[deleted]
Dear Emmanuel,
To interpret the speed of light as a velocity is to treat what essentially is a quantum mechanical phenomenon as something which obeys the rules of classical mechanics. We can only speak about the velocity of an object with respect to something if and when it interacts with that something as it moves. (Interacting includes the energy exchange between particles by means of which they express and preserve their energy). To be able to interact, a particle must have a position to act from. In www.quantumgravity.nl in Chapter 1.2 'Mass, a quantum mechanical definition' I have defined the rest mass of a particle as being greater as its position is less indefinite, as it remains longer within the area corresponding to that indefiniteness, as the probability to find it inside a smaller area is greater. This is why I in my essay I said that the rest energy of a particle depends on its ability to express that energy as gravity, on the definiteness of its position and vice versa. The less indefinite its position is, the greater its mass is, the stronger a source of gravity it is. So if we define the 'speed of light' as that 'velocity' at which its position is completely indefinite, then it cannot express its properties at that speed, which is why it appears to have no mass or any property at all, why it cannot be accelerated, act or be acted upon. (All interactions the photon is supposed to be involved in as travels, all Feynman diagrams of all possible interactions with virtual electrons, positrons, photons, are taken care of by the particles it is transmitted between as they themselves are the product as well as the source of all such interactions.) Only in this way photons can transmit force between particles without that force being involved in intermediary interactions with particles in the environment it is supposed to travel through. This info about the environment is already present at the emitting and absorbing particles as they continuously exchange energy and objects in between affect this exchange, information which is already is accounted for in the photon energy. So if a photon doesn't interact with, exist to the objects along its path, nor the environment to the photon, then it makes no sense to speak about its velocity: there's nothing with respect to which it moves. (This is no to say that we cannot predict where/when we can intercept, detect a photon if we know the position of the source, the direction and time of its emission).

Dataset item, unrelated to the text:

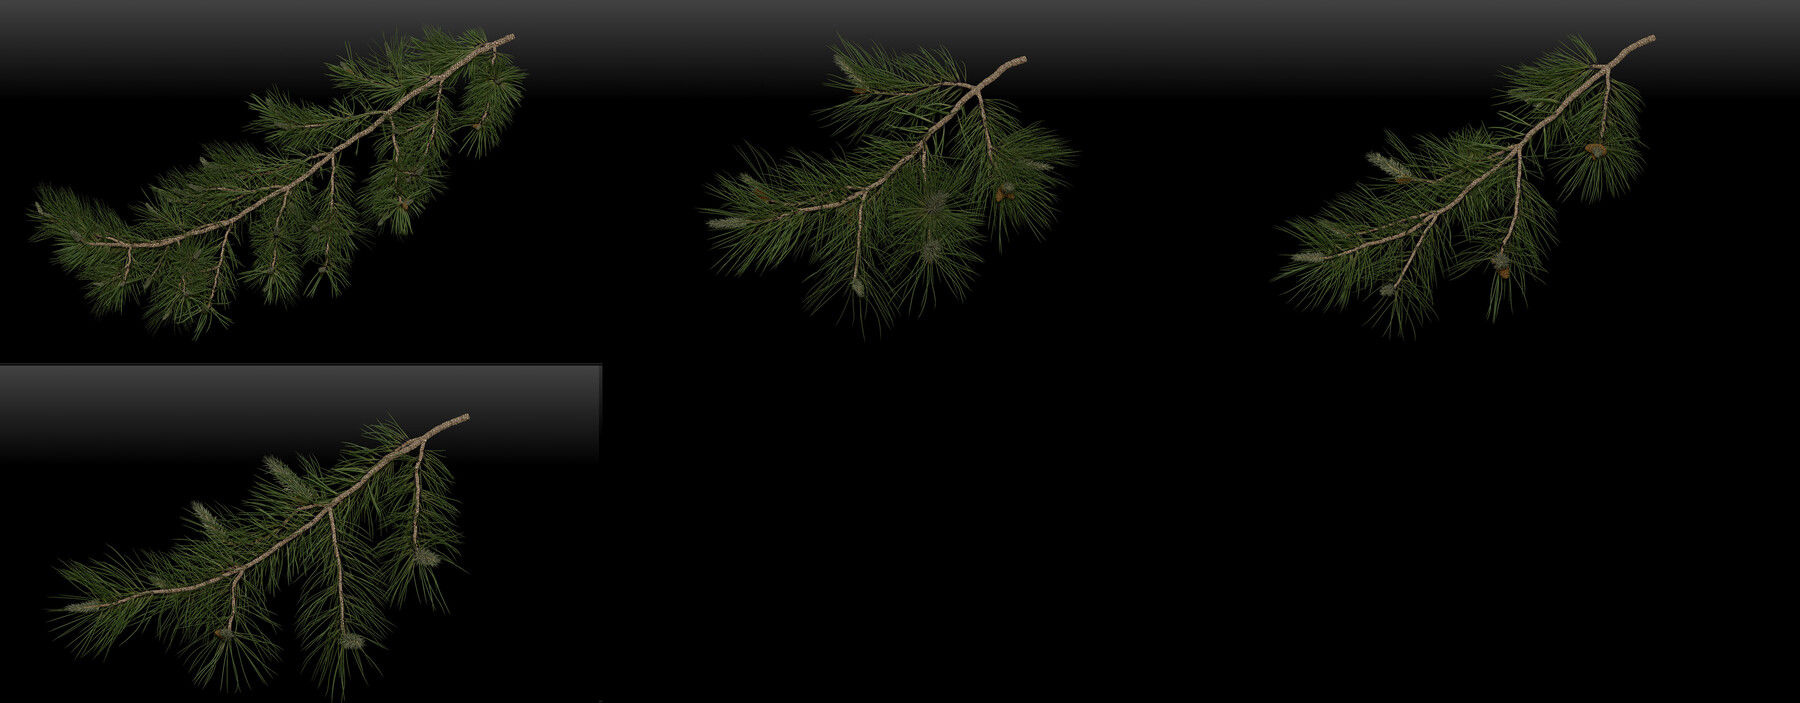 274,826 Pine Branches Sky Images, Stock Photos, 3D objects, & Vectors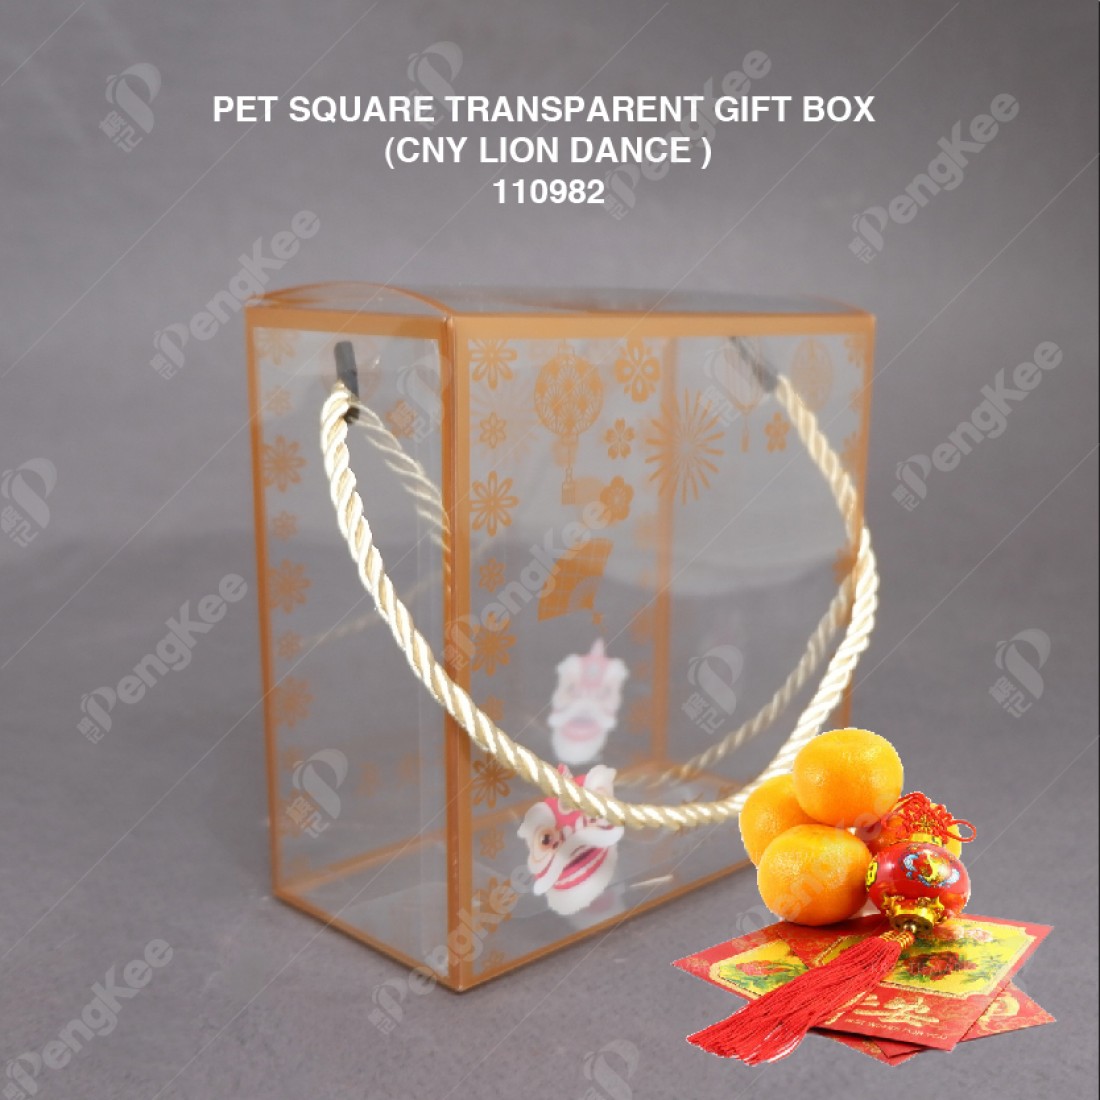 PVC TRANSPARENT GIFT BOX FOR CHINSESE NEW YEAR (CNY LION DANCE )PCS/PKT

If particle A emits a photon which is absorbed by B, a transmission changing the state of both A and B, then A sees the state of B change at the time it emits the photon, whereas B sees the state of A change as it absorbs the photon. That is, unless B after absorbing the photon sends back a message to A to confirm the receipt of the photon, a thank-you-note saying that A can from now on start to see B in its new state. A gravitational field is an area of contracted spacetime: the stronger the field, the more space, distance is 'folded' within a smaller area as measured with a rule outside that field. Whereas to a massive particle penetrating the field, this 'condensed' distance unfolds, to a massless particle there exists no field, and hence no distance to its source. So whereas to a massive observer A and B are separated in spacetime so to him the emission doesn't coincide in time with its absorption, as to the photon there's no distance between A and B, its transmission is instantaneous. So though an observer measures a duration, that doesn't mean that the transmission isn't instantaneous, it only isn't instantaneous to him. Whereas to the observer a space distance is a time distance, the photon bridges this distance in no time at all, so to the photon its transmission doesn't take any time at all.
If A sees B's state change at the time it emits the photon, then a finite velocity would mean that since nothing is allowed to happen which might prevent B from absorbing that photon, time would have to stand still for as long as the photon is traveling. Anyhow, we don't know whether A wants to get rid of some energy, or B incites A to produce the photon: if there's no absolute time, no clock outside the universe, then it doesn't even make sense to ask what causally precedes what, even though we see one event to happen before the other.
''Some physicists think that time is totally relative and does not really exist.''
The ''does not really exist'' seems to refer to an imaginary observation from outside the universe, so I can agree with this as in my essay I argue that the universe as a whole has no physical reality either. A universe which creates itself without any outside intervention creates, keeps producing time itself, containing all time within.
As a Self-Creating Universe can hardly stop creating itself, it keeps creating energy, so we don't need any dark energy to explain why the universe keeps expanding unhampered by gravity. It is this continuous creation which powers any change we experience as the passing of time. Since I cannot believe in a bigbang tale which implicitly states that the universe and everything inside of it has been created by some outside intervention, to me there's no (''problem of the nature of the'') Planck epoch either. It is because we believe that particles only are the source of their fields and interactions that we need a naïve and unnecessary tale like the bigbang hypothesis.
As to the origin of the energy in the universe, I cannot think of any more important question in physics. The problem with present physics is that it implicitly assumes that the (rest) energy of particles only is the source of their interactions, as a given, and not, as I propose in my essay (topic 838), as being also the product of their interactions, which it must be if in a SCU particles have to create one another.